§ **Description of the task**
Repeat the listing verbatim. Drop any pictures.

§ **Dataset extract**
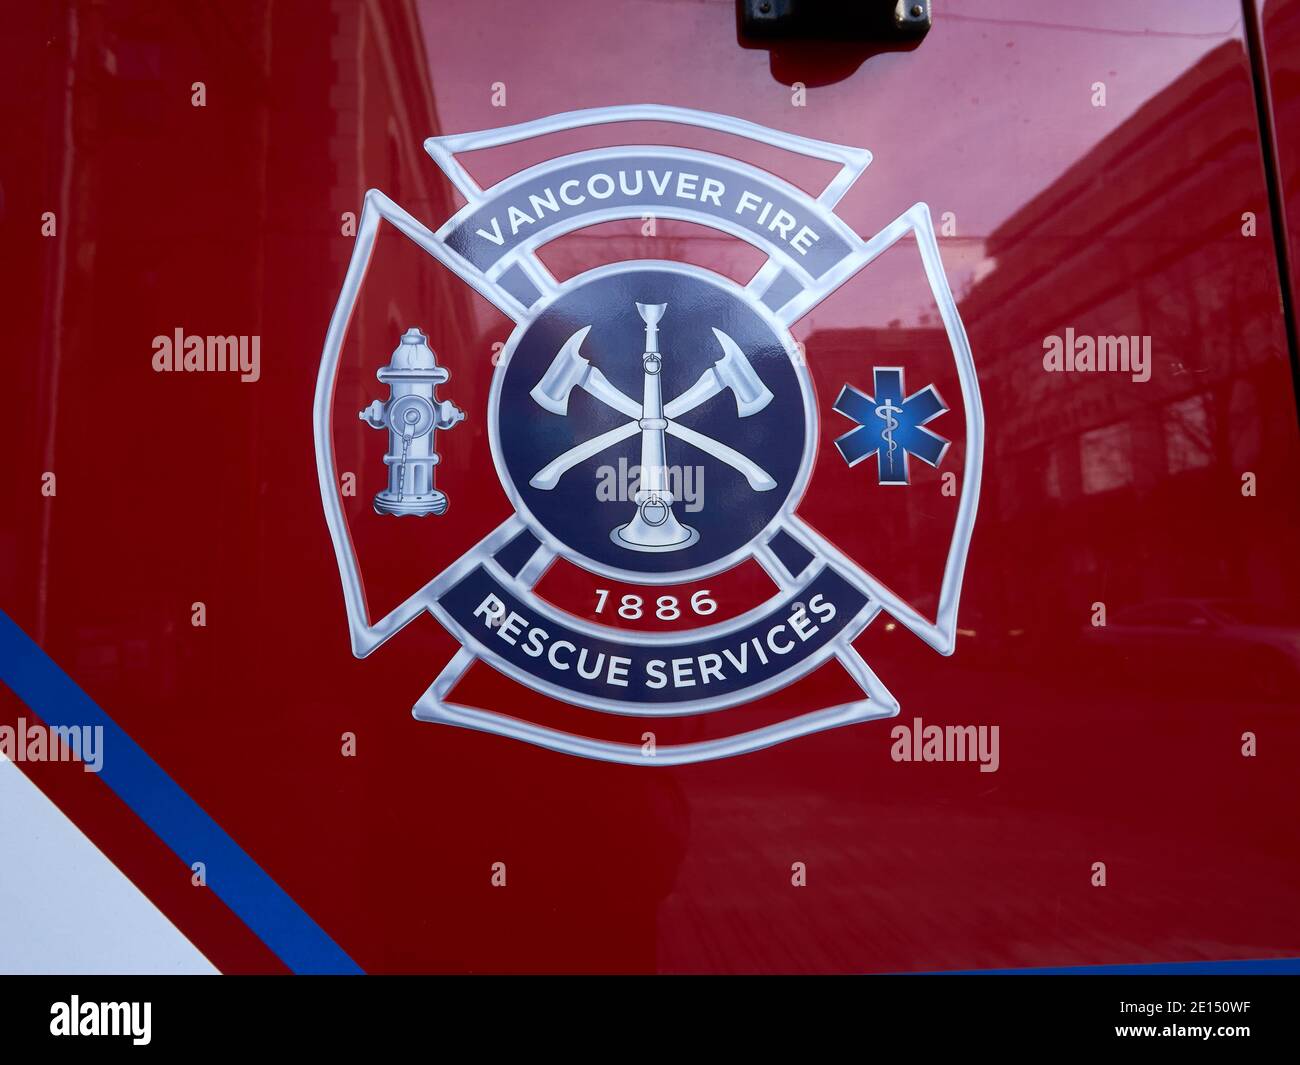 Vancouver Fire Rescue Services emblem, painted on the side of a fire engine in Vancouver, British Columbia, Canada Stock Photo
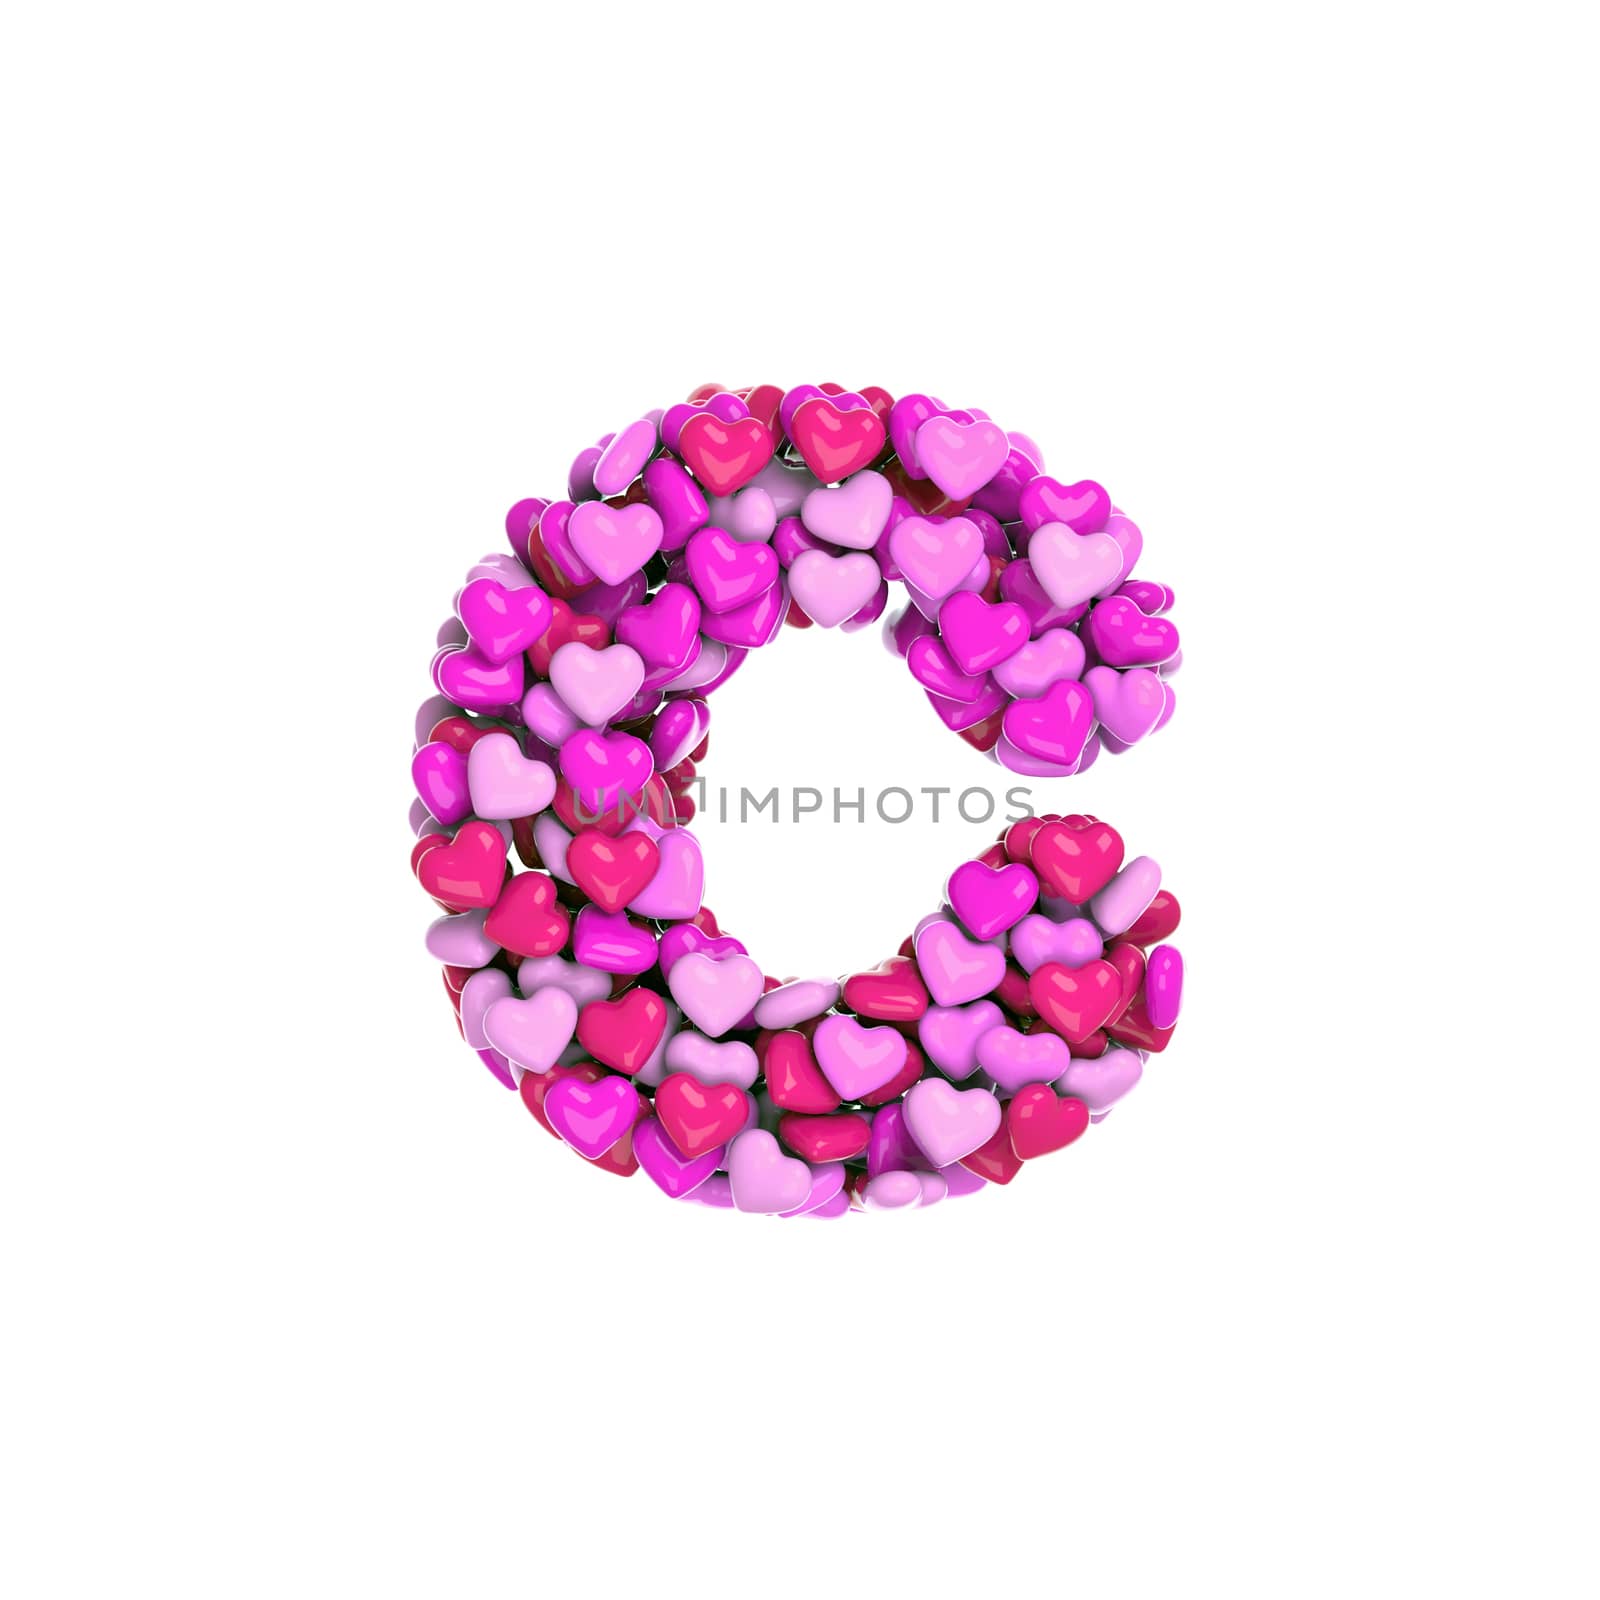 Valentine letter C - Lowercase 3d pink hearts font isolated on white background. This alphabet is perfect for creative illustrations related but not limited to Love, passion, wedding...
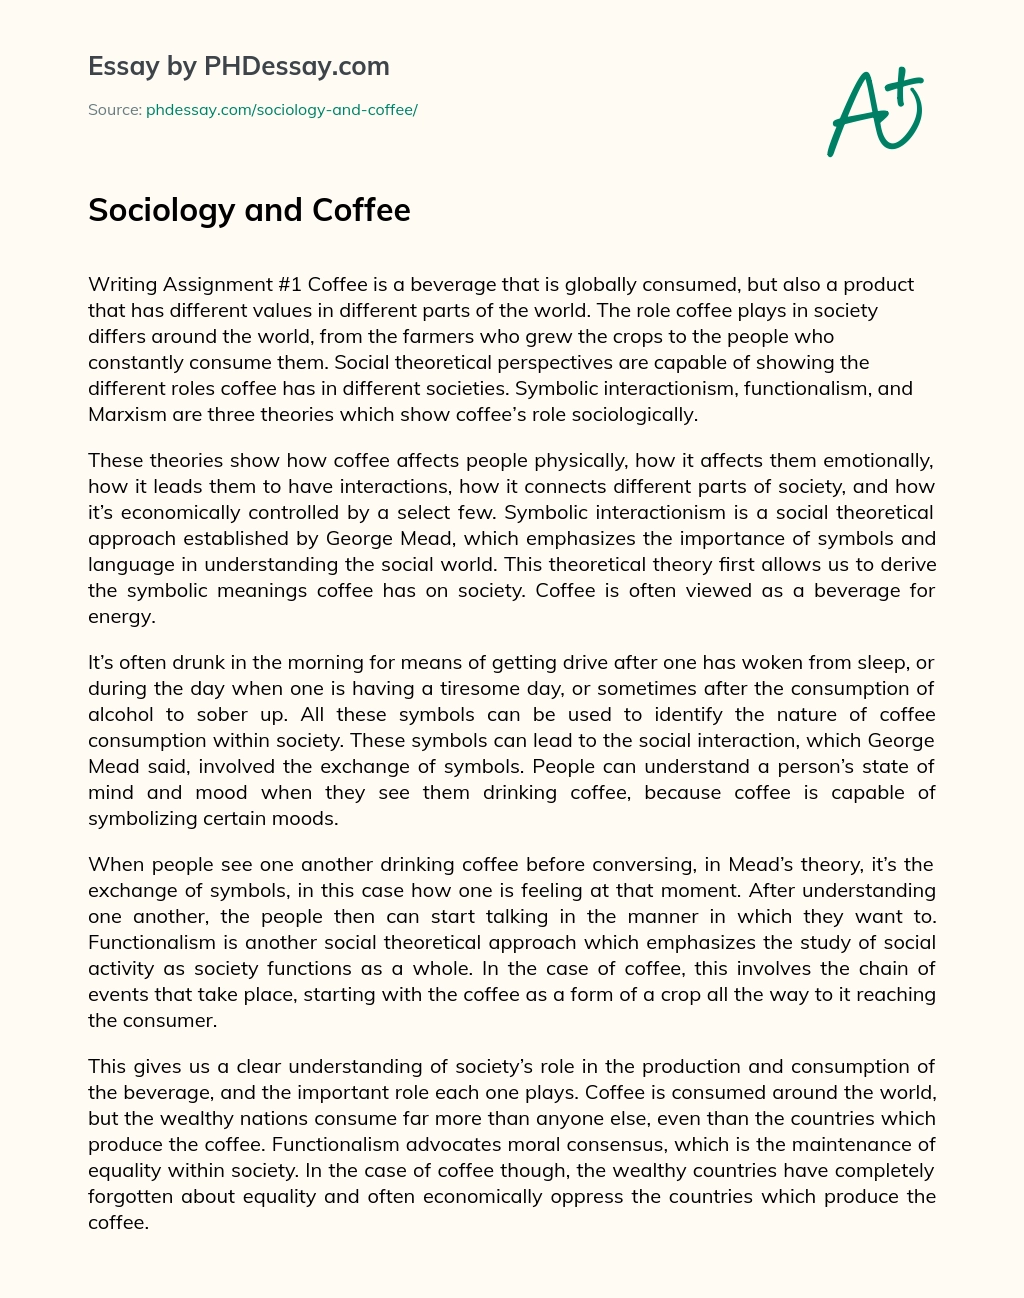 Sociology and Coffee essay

§ **Output**
 Vancouver Fire Rescue Services emblem, painted on the side of a fire engine in Vancouver, British Columbia, Canada Stock Photo
 Valentine letter C - Lowercase 3d pink hearts font isolated on white background. This alphabet is perfect for creative illustrations related but not limited to Love, passion, wedding...
 Sociology and Coffee essay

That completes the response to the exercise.